(SUPPLIED INFORMATION Opens)

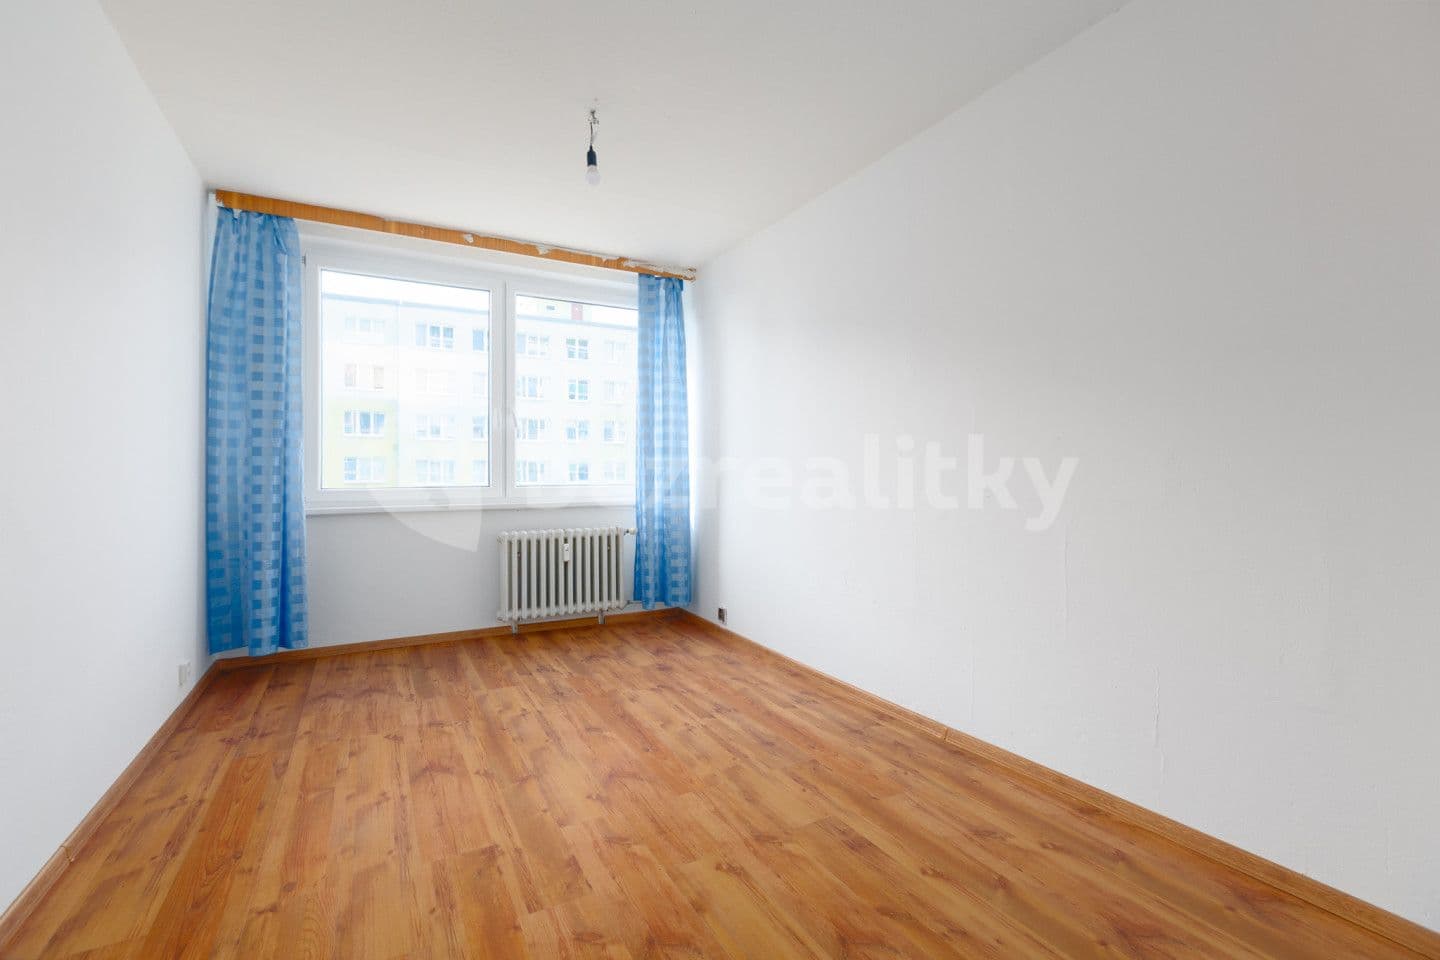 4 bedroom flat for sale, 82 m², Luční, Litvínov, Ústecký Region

(SUPPLIED INFORMATION Closes)
(SUPPLIED INFORMATION Opens)

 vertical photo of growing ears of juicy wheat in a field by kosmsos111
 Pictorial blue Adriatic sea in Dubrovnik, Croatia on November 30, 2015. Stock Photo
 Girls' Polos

(SUPPLIED INFORMATION Closes)
(SUPPLIED INFORMATION Opens)

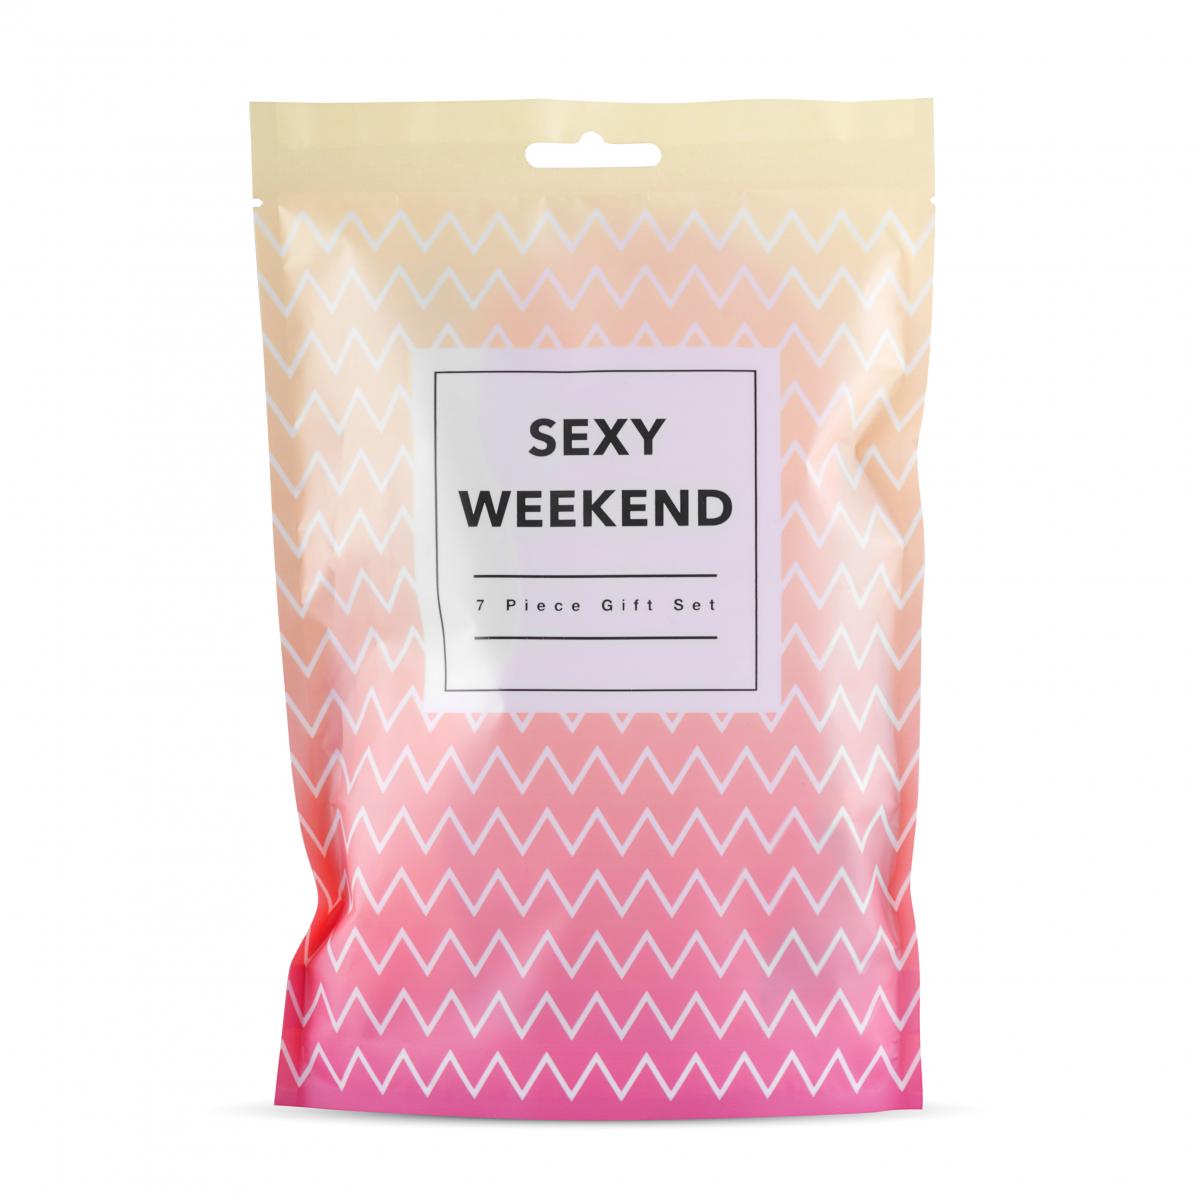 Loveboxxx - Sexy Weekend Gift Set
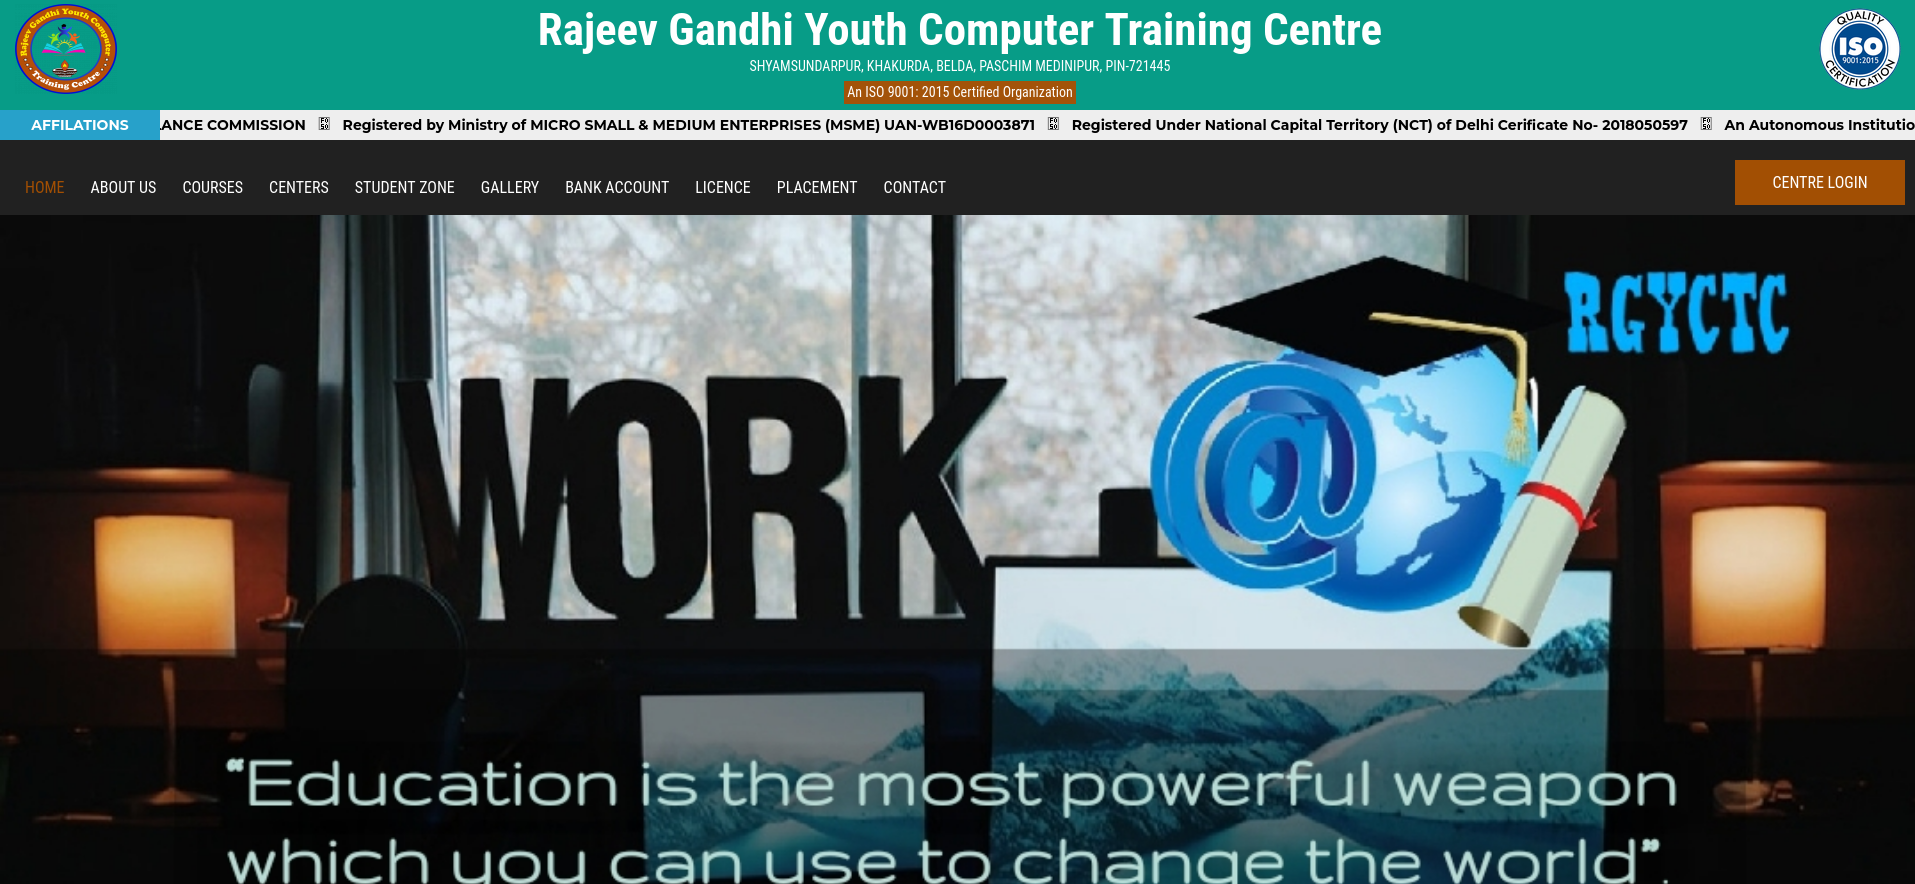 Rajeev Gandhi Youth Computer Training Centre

(SUPPLIED INFORMATION Closes)

Begin with the line above that has "Pictorial blue Adriatic" and continue through the line that has "Girls' Polos", setting each one down exactly. Stop there.

 Pictorial blue Adriatic sea in Dubrovnik, Croatia on November 30, 2015. Stock Photo
 Girls' Polos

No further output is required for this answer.